Department of Radiology and Medical Imaging, University of Virginia, Charlottesville, USA.
Physiol Genomics. 2012 Mar 19;44(6):345-51. doi: 10.1152/physiolgenomics.00087.2011. Epub 2012 Jan 24.
Bglu3 is a quantitative trait locus for fasting glucose on distal chromosome 1 identified in an intercross between C57BL/6 (B6) and C3H/HeJ (C3H) apolipoprotein E-deficient (apoE(-/-)) mice. This locus was subsequently replicated in two separate mouse intercrosses. The objective of this study was to characterize Bglu3 through construction and analysis of a congenic strain and identify underlying candidate genes. Congenic mice were constructed by introgressing a genomic region harboring Bglu3 from C3H.apoE(-/-) into B6.apoE(-/-) mice. Mice were started with a Western diet at 6 wk of age and maintained on the diet for 12 wk. Gene expression in the liver was analyzed by microarrays. Congenic mice had significantly higher fasting glucose levels and developed more significant glucose intolerance compared with B6.apoE(-/-) mice on the Western diet. Microarray analysis revealed 336 genes to be differentially expressed in the liver of congenic mice. Further pathway analysis suggested a role for acute phase response signaling in regulating glucose intolerance. Apcs, encoding an acute phase response protein serum amyloid P (SAP), is located underneath the linkage peak of Bglu3. Multiple single nucleotide polymorphisms between B6 and C3H mice were detected within and surrounding Apcs. Apcs expression in the liver was significantly higher in congenic and C3H mice compared with B6 mice. The Western diet consumption led to a gradual rise in plasma SAP levels, which was accompanied by rising fasting glucose in both B6 and C3H apoE(-/-) mice. Expression of C3H Apcs in B6.apoE(-/-) mice aggravated glucose intolerance. Bglu3 is confirmed to be a locus affecting diabetes susceptibility, and Apcs is a probable candidate gene.

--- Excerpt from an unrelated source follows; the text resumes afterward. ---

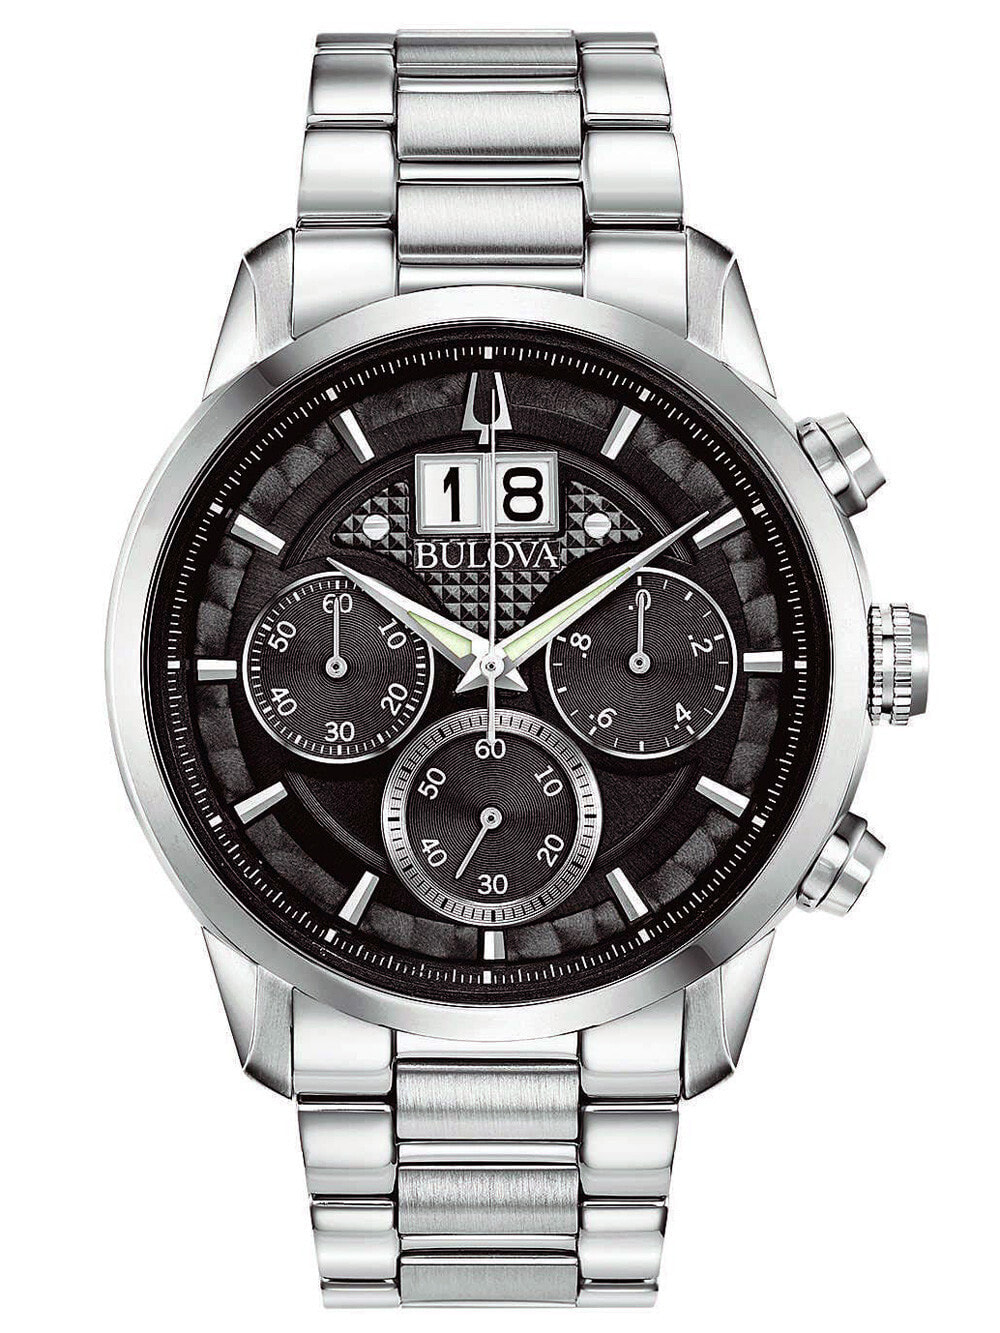 Мужские наручные часы с серебряным браслетом Bulova 96B319 Sutton Classic Chronograph 44mm 3ATM

Bglu3 是在载脂蛋白 E 缺陷(apoE(-/-))的 C57BL/6(B6)和 C3H/HeJ(C3H)小鼠的杂交后代中鉴定的用于空腹血糖的数量性状位点。该位点随后在两个独立的小鼠杂交实验中得到了复制。本研究的目的是通过构建和分析一个同源性基因来对 Bglu3 进行特征分析,并鉴定潜在的候选基因。通过将源自 C3H.apoE(-/-)的含有 Bglu3 的基因组区域导入 B6.apoE(-/-),构建了同源性基因小鼠。在 6 周龄时,小鼠开始使用西方饮食,并在该饮食下维持 12 周。通过微阵列分析肝脏中的基因表达。与 B6.apoE(-/-)相比,同源性基因小鼠在西方饮食下空腹血糖水平显著升高,且葡萄糖耐量明显更差。微阵列分析显示 336 个基因在同源性基因小鼠肝脏中差异表达。进一步的途径分析表明,急性相反应信号在调节葡萄糖耐量方面发挥作用。编码急性相反应蛋白血清淀粉样蛋白 P(SAP)的 Apcs 位于 Bglu3 的连锁峰下方。在 B6 和 C3H 小鼠之间检测到多个位于 Apcs 内及其周围的单核苷酸多态性。与 B6 相比,同源性基因和 C3H 小鼠肝脏中的 Apcs 表达显著升高。西方饮食的摄入导致血浆 SAP 水平逐渐升高,这伴随着 B6 和 C3H apoE(-/-)小鼠空腹血糖的升高。B6.apoE(-/-) 小鼠中 C3H Apcs 的表达加重了葡萄糖耐量的恶化。Bglu3 被证实是一个影响糖尿病易感性的基因座,Apcs 是一个可能的候选基因。